* * *
С.К. – 2
Когда умеешь говорить и жить, молчание и смерть, пожалуй, скучны.
…Твое сказуемое подлежит сказанию о подлежащем…
Уж не
пытаешься ли испытать в судьбе сравненья с тем, кто был в начале Словом, кто не хотел, чтоб вечно во гробех лежали молча все: и словоловы и словоиспускатели?
Так Он
давно узнал, что Словом быть смертельно.
Но согласись, что каждый, кто рожден, достоин смерти.
Ох, и сверхпредельны
ее достоинства!.. Она одна по-настоящему жива без речи.

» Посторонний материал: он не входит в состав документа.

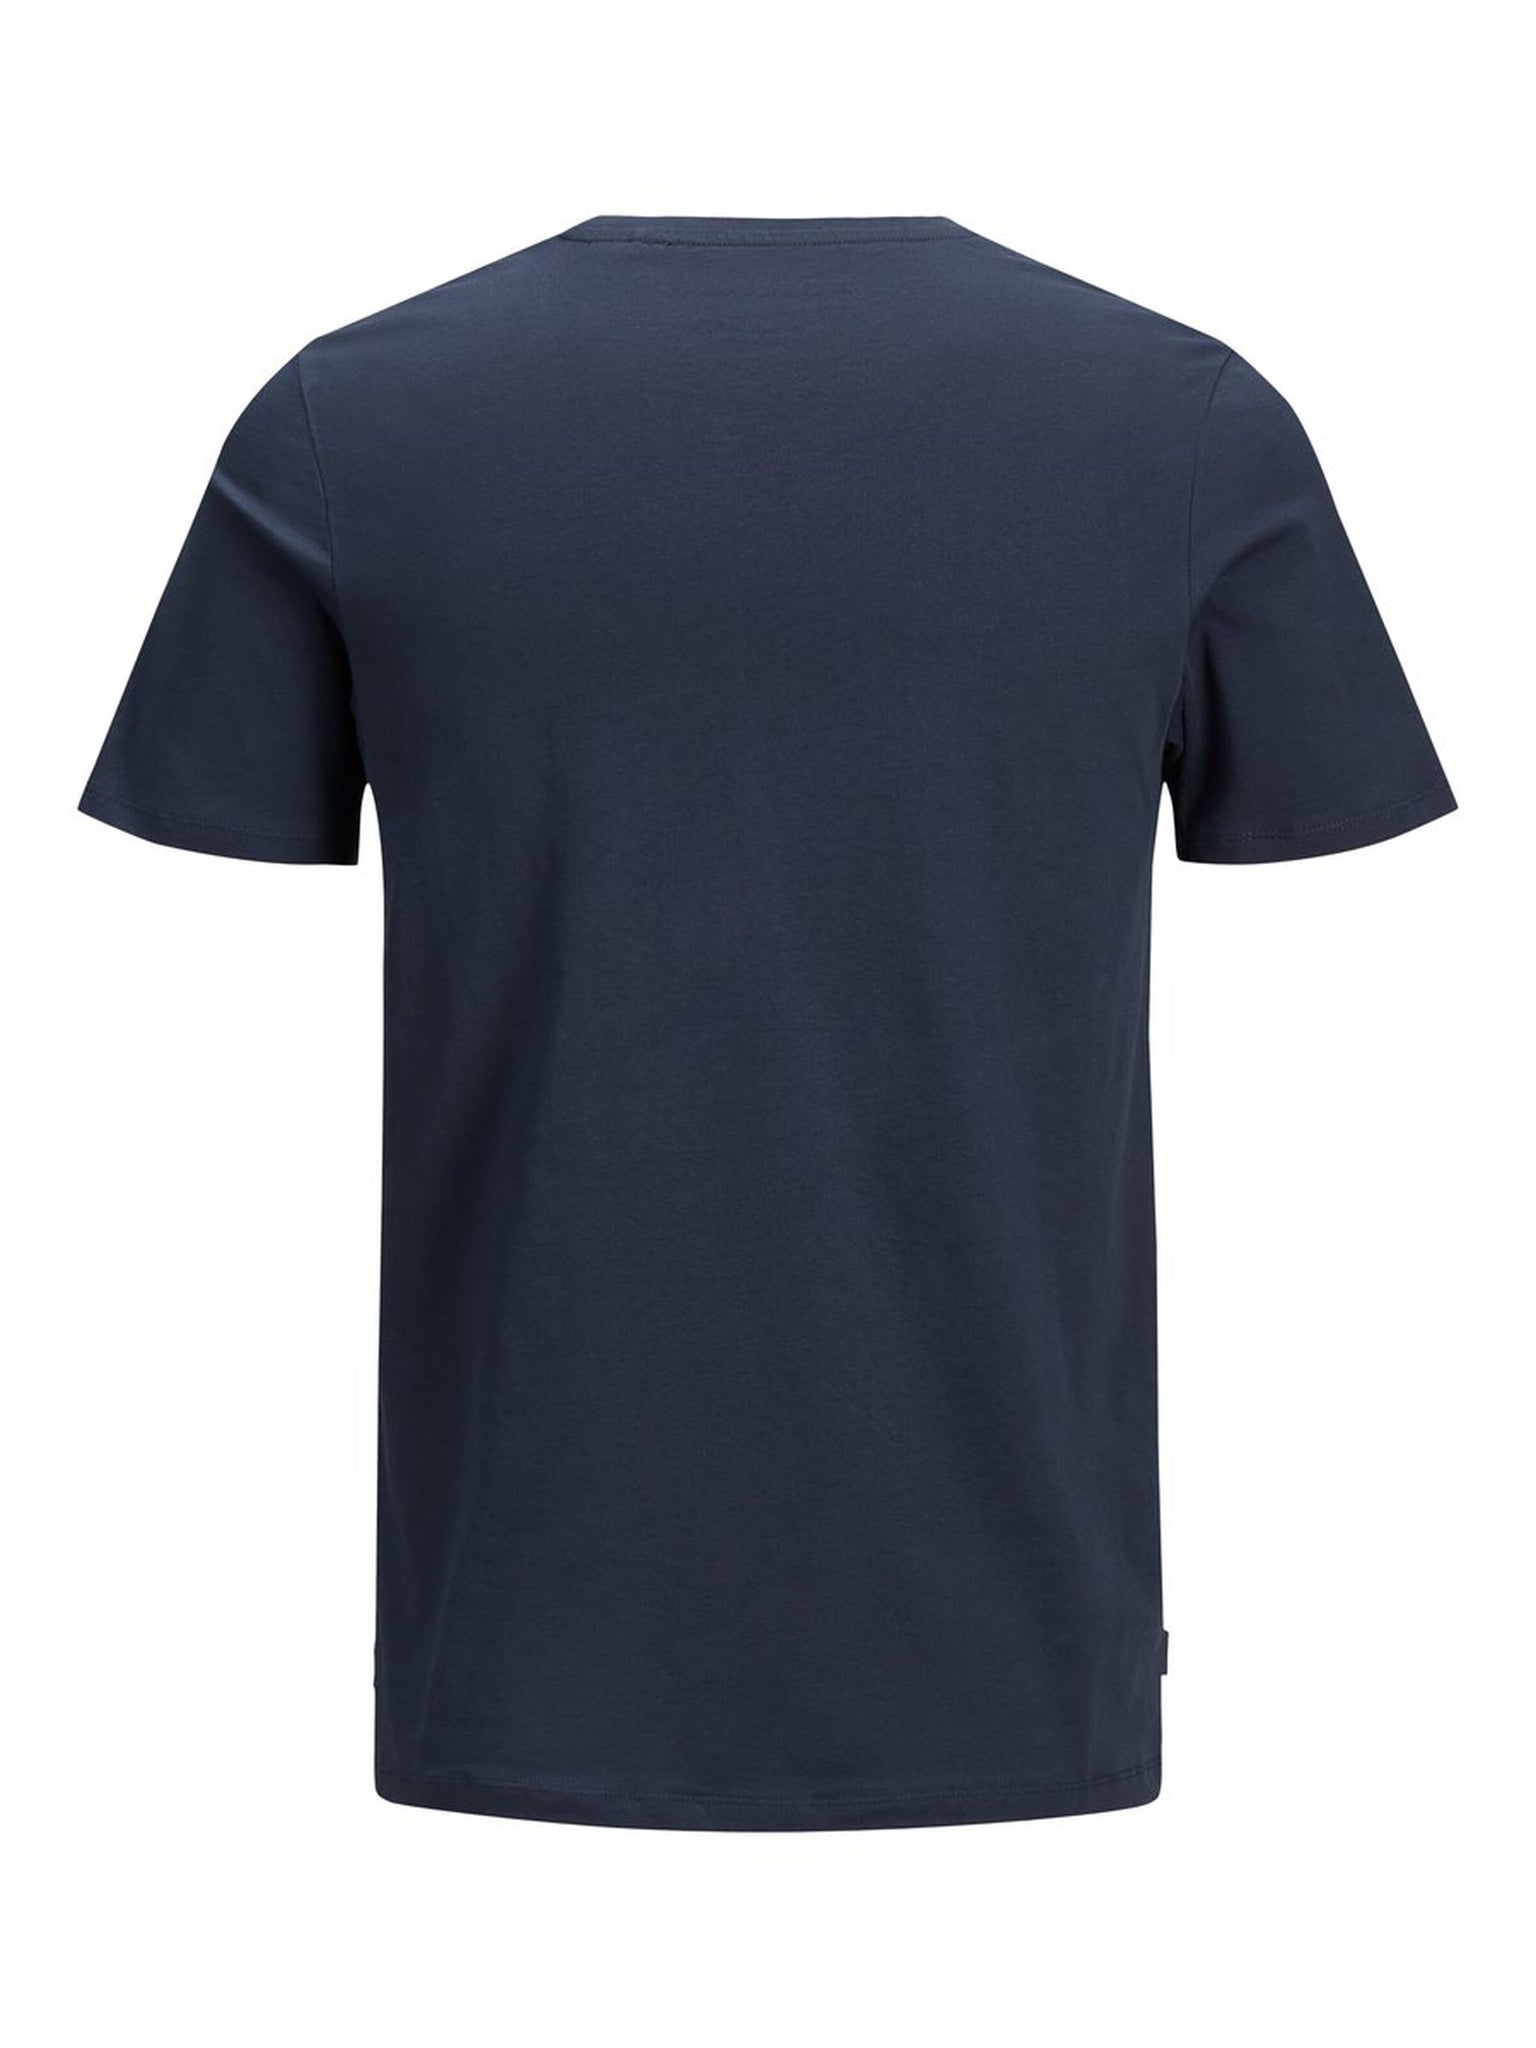 T-shirt Organic basic, navy blazer

Услышь её!.. Как радиоволна невидима, так смерть в извечной сече неслышимо берёт над жизнью верх и коронует тишину над звуком – её рабом, чьи кандалы вовек несокрушимы. Изгибаясь луком и резонируя в голосниках соборов и в утробах инструментов, разнясь на крик и вопль, на вздох и ах, и делаясь предельно когерентным, он лишь доказывает, что его ничто не сможет вызволить из плена Её, что не нуждается ни во интерференциях и ни в рефренах, Её, что есть тогда, когда ничто другое – нет.
Таким, как ты – иная
вселенная: едва ли сможешь то, сказать, чего она еще не знает…
* * *
…А когда невозможное станет похожим на зло, не на радость, не на воплощенье мечты идиота, всё равно проявлю о душевной квартире заботу: я закрою её на ключи, непонятно зело для чего, ведь останется только идея замков, зам[ыкающих]ков, замыкающих наши оковы, только знаю: разбить их ни я, ни она не готовы, хоть она и душа, ей положено, белой, легко воспарять над землей, ни минуты не ведать земли, ни минуты не ведать, ни часа, ни дня и ни года… Но она уже знает: чуть-чуть этот мир разозли – он ответит тебе невозможностью всякого рода.
Невозможное. Нет. Никогда. Ни за что. Не тебе! Ты еще помечтай, а на большее и не надейся. Все желания – будто попытка немого индейца доказать дяде Сэму, что прерия, горный хребет и леса – территория предков не Сэмовых, а… Впрочем, что объяснять: дробовик объясняет доступней. Невозможное. Руки в крови, измозолены ступни… Невозможное. Мертворождённое. Спи-отдыхай.
Но когда невозможное станет похожим на зло… Невозможное зло – вот тогда и откроются души и глаза заблестят, у таких безнадёжных старушек заблестят, заискрятся, и – вспыхнет родное село, что стояло века, не меняясь ни на и ни над, что давно заскорузло под ногтем грязнули-планеты, вдруг – пожаром! закатом над пропастью! Все наши неты, никогда, ни за что, невозможности – в солнечный ад!
Ведь когда невозможное… Только оно суть добро. Невозможно добро без расплаты за каждую каплю, Потому без него и спокойней и проще, не так ли? Хорошо без добра, – ты спроси у бездомных сирот…
* * *
Вначале было Слово.
Потом люди поняли,
что оно означает.
Без привычного запаха никотина невозможно заснуть. Чистота пуста. Воздух – сам кислород, и его невинной неподвижностью комната налита. Эта комната новая мне. Я гостья. И, как гостье, мне лучшее всё: и то, что здесь тихо, как полночью на погосте, и хрустально, как в вазе, да без цветов.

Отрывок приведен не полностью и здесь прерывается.